* What you are asked to do
Provide only the number of lines in the records where "Manual" appears.

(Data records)

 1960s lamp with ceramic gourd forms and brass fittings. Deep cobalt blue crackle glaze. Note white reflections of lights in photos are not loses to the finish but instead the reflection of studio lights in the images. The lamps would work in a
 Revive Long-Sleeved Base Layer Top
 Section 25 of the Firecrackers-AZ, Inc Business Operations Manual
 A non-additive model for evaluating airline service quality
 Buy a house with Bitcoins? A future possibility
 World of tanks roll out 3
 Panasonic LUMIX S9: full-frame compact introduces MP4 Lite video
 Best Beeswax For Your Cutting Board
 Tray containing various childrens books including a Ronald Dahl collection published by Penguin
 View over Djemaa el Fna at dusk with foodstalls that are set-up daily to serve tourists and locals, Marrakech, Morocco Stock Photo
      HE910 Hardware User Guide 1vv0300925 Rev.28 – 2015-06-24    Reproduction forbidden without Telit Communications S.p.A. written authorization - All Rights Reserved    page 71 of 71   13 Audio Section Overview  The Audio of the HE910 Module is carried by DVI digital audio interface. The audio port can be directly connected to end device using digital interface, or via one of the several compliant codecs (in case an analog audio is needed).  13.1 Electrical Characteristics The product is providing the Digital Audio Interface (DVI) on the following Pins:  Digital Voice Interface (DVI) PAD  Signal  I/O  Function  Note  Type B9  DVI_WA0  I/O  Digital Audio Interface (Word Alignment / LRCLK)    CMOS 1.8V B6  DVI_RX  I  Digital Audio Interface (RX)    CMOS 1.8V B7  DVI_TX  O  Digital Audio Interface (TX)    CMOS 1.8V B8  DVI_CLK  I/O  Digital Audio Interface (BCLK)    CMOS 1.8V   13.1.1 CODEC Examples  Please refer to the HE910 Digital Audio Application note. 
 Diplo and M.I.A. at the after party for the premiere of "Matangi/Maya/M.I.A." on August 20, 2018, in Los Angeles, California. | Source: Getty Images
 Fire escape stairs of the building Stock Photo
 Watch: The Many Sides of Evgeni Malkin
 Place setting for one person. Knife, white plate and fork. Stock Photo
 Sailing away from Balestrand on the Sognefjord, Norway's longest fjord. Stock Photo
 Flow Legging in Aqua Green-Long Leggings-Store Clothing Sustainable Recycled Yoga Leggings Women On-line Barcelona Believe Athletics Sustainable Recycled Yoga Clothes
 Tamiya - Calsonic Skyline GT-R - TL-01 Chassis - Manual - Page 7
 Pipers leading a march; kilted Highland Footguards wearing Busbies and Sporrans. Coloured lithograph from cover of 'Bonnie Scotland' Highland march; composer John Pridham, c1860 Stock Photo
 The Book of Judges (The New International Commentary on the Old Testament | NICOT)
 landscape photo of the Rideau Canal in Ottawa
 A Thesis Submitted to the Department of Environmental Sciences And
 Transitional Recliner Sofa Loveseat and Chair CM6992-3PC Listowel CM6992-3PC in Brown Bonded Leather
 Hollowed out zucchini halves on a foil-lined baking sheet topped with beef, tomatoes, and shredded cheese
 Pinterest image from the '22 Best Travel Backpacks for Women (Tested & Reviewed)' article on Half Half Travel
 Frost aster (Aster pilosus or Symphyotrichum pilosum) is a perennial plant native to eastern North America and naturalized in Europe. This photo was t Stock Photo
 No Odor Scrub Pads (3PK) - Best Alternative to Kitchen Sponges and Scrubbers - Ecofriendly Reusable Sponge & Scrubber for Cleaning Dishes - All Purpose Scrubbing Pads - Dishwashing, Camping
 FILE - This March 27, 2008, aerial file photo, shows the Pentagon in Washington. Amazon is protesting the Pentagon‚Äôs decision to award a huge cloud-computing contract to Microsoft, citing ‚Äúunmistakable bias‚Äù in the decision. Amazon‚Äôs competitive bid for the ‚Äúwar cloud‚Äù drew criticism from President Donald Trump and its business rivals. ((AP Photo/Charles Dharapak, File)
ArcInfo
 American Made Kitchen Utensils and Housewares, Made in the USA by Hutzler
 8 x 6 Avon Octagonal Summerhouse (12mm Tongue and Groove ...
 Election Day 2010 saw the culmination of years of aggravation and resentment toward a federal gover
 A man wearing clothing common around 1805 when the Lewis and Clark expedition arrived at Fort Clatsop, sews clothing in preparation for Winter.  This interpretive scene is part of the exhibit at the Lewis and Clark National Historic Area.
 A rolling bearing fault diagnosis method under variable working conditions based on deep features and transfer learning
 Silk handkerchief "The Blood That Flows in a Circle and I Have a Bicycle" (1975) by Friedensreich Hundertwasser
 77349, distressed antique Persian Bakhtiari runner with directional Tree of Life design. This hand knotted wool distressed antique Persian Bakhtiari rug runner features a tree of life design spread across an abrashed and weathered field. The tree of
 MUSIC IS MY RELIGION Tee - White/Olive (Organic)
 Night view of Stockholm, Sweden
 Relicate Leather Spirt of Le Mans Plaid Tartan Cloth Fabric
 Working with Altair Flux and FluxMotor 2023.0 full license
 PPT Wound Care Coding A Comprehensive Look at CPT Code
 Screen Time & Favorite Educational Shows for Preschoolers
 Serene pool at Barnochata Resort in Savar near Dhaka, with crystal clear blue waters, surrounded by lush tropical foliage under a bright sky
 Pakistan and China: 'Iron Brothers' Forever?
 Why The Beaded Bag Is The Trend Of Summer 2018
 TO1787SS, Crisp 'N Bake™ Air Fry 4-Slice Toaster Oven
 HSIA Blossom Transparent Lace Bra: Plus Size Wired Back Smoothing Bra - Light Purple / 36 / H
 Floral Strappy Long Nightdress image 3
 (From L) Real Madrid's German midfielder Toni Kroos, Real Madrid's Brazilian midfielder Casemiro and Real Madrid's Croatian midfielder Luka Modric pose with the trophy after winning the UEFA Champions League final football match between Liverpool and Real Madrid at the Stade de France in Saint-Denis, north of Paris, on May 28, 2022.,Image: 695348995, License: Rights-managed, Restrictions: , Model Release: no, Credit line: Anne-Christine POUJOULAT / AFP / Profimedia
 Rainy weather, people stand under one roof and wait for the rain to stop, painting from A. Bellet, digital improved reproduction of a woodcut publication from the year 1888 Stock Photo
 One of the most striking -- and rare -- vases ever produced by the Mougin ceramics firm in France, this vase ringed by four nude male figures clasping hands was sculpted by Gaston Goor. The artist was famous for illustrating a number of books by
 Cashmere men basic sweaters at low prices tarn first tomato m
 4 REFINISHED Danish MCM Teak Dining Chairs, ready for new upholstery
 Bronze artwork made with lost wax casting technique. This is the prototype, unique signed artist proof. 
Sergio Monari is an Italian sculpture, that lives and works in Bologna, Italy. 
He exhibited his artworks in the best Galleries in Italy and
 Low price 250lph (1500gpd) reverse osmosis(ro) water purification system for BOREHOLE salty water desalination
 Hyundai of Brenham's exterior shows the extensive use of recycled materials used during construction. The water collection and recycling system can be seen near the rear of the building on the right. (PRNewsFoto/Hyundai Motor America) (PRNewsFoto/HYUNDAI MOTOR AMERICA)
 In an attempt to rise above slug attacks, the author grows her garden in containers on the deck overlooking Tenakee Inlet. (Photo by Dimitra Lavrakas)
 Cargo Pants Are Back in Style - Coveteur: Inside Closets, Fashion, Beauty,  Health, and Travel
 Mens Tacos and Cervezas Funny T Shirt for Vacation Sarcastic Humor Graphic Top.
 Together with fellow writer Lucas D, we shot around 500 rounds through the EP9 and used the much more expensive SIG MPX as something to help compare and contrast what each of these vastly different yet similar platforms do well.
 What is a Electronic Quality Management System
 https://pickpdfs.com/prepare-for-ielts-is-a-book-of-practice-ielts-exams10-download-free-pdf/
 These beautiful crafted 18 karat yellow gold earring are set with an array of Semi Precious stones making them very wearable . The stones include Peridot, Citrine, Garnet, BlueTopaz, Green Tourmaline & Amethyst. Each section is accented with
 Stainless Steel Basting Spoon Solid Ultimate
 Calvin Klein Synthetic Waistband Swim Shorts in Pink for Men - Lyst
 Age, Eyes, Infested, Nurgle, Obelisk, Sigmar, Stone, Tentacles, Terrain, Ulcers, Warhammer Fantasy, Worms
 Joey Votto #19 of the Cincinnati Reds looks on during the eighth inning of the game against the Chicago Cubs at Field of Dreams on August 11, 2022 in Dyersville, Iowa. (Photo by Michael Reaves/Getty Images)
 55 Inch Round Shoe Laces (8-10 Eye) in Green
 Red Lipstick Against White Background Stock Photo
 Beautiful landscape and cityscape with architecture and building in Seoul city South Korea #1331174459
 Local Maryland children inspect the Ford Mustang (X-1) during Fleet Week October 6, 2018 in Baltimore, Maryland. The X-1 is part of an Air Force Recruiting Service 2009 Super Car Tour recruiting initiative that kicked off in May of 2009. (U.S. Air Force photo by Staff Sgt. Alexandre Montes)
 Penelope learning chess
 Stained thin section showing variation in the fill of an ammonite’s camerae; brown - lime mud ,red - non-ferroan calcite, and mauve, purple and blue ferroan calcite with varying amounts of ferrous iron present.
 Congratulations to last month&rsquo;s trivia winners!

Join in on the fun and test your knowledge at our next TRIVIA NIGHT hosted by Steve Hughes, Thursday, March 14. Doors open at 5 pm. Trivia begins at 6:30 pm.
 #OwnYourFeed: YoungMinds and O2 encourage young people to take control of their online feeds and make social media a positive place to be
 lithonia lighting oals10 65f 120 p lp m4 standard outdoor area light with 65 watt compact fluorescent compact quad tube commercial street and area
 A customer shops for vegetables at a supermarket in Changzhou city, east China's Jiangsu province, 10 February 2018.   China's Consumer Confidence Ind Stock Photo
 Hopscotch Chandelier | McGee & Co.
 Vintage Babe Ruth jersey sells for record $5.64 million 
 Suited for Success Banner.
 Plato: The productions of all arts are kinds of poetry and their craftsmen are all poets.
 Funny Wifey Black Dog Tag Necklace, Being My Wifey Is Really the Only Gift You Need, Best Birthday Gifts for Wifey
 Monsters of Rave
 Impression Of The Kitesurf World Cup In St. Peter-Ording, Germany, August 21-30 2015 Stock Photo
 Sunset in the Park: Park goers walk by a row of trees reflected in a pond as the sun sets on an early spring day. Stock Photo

* Result for this exercise
2